I was born on the Feast of the Holy Innocents, 28 December 1941 in the National Maternity Hospital,
Holles St, Dublin.
My mother jokingly called it Holler Street. An older lying-in Hospital across the Liffey was and remains called the Rotunda, echoing the shape of its patients.
There are many lying-in institutions in Dublin where you may be told that the Pistol-Packing gunfighter Daniel O’Connell never shot a man, that De Valera gave a sectarian eulogy on the interment of Roger Casement in Glasnevin, and that he 1916 Easter Week Insurrection ushered in a century of violence in Ireland.
Unless I am badly mistaken the first alternative reality claim was published in the Irish Times at Easter 2016 over the name of Seamus Murphy SJ, a Professor at Loyola University in California.
The second alternative reality claim appeared in same paper under Fintan O’Toole’s name and the Irish Times hadn’t the backbone, balls or guts to publish its refutation by the late Manus O’Riordan.
The third alternative reality claim was uttered by Ruth Dudley Edwards.
It is a fact that within a day of Pearse’s addressing Dubliners with the words of the Declaration
of Independence, Ireland’ s most prominent pacifist, Francis Sheehy Skeffington, was shot dead.
He was shot by a British Firing Squad without even a Court Martial, in Dublin’s Portobello Barracks.
The Firing Squad was an irregular ad-hoc group from the garrison’s Guard Room, pressed into action by Captain Bowen Colthurst, whose home, Blarney Castle, had been wrested from the McCarthy Clan many years earlier.
Colthurst had led a detail of British soldiers who had shot dead in cold blood unarmed civilians some
hours earlier.
He was promoted for his crimes by Prime Minister Asquith, and Major Francis Vane, who had sought
his punishment was treated shabbily by him.
Colthurst was spirited away to Canada unpunished and took an active part in public life there.
Francis Sheehy-Skeffington was not only Ireland’s leading Pacifist, but its most prominent Feminist
The Insurgent leader James Connolly had appointed him as his legal Executor, but his execution preceded Connolly’s by 18 days.
The Republican Proclamation promised female suffrage, a policy which Asquith had assured the
Manchester Guardian’s C.P. Scott would lead to “National Disaster” for the U.K. John Dillon and
John Redmond who backed the war on Germany were equally opposed to female suffrage.
Far from ushering in a century of conflict in Ireland the 1916 Rising saved all of Ireland from Conscription for the past 108 years and most of Ireland from war for 101 years.
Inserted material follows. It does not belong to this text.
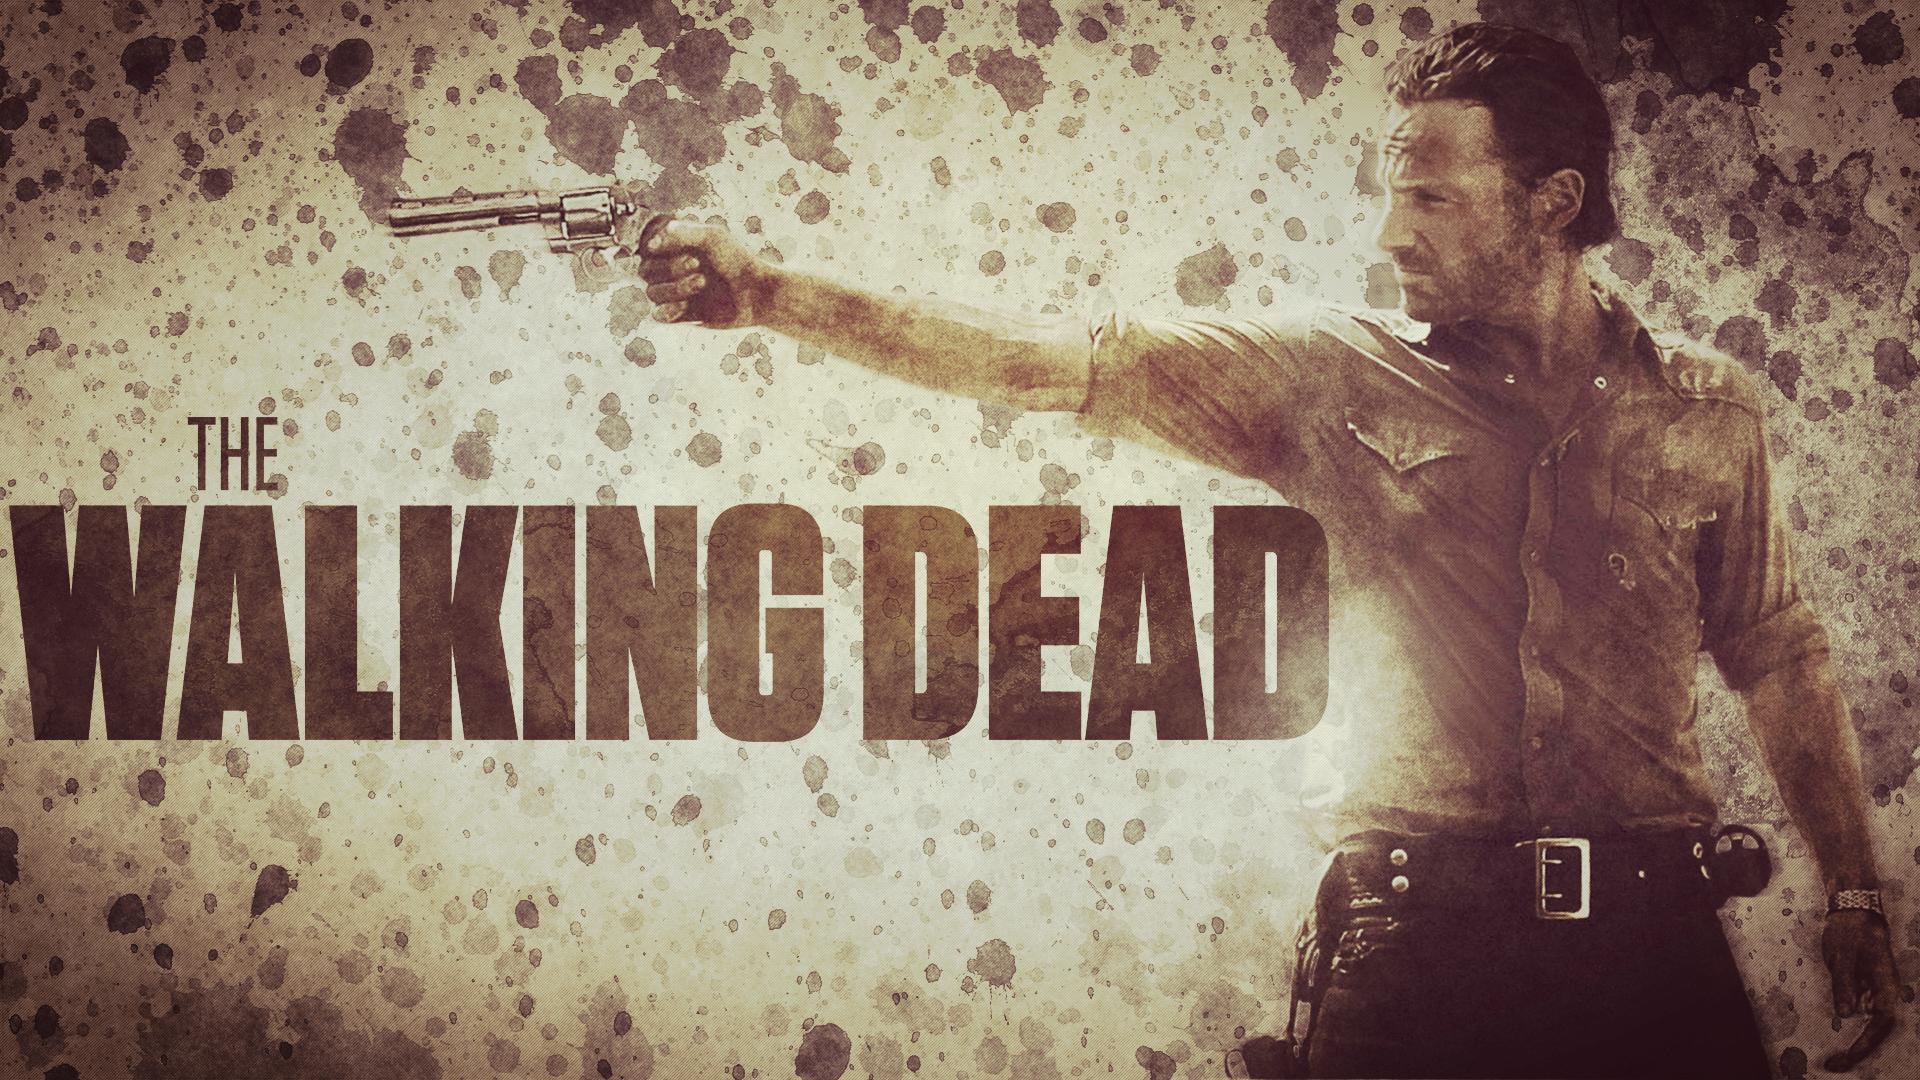 The Walking Dead Rick Grimes By Mennisian Deviantart Com On

As I said I was born in Dublin in Decembe 1941. I have never witnessed lethal violence in real time
until recently. I have been watching Aljazeera, many of whose journalists have perished while exposing the US/UK Israeli onslaught on the indigenous people of Palestine.
That station shows up most Western comment as Mickey Mouse Media.
Three weeks to the day before I was born, the Japanese bombed Pearl Harbor. Nazi troops
had reached the bus stops in the Western suburbs of Moscow. A week or two after I was born a conference in Berlin determined to murder all the Jews in Europe. A few weeks later my uncle Leo
was seen swimming towards Java. The British troopship which had evacuated him from Singapore
had been sunk by Japanese aircraft. His brother Jack was serving with the Home Guard in London.
Jack had been wounded by German shellfire on the Battle Cruiser HMS Princess Royal off Jutland
a few weeks after the Easter Rising Six Weeks shy of his 17th Birthday,
I and most of my Irish contemporaries have been spared such misery. Ruth Dudley Edwards,
born in Dublin in 1944 and exposed to primary, secondary and University teaching there would
dispute this.
I ask you to watch the amateur colour movie “Howth Regatta and Lambay Races 1942” on Youtube.
And I dare you to claim I look on the Age of De Valera through rose-tinted spectacles.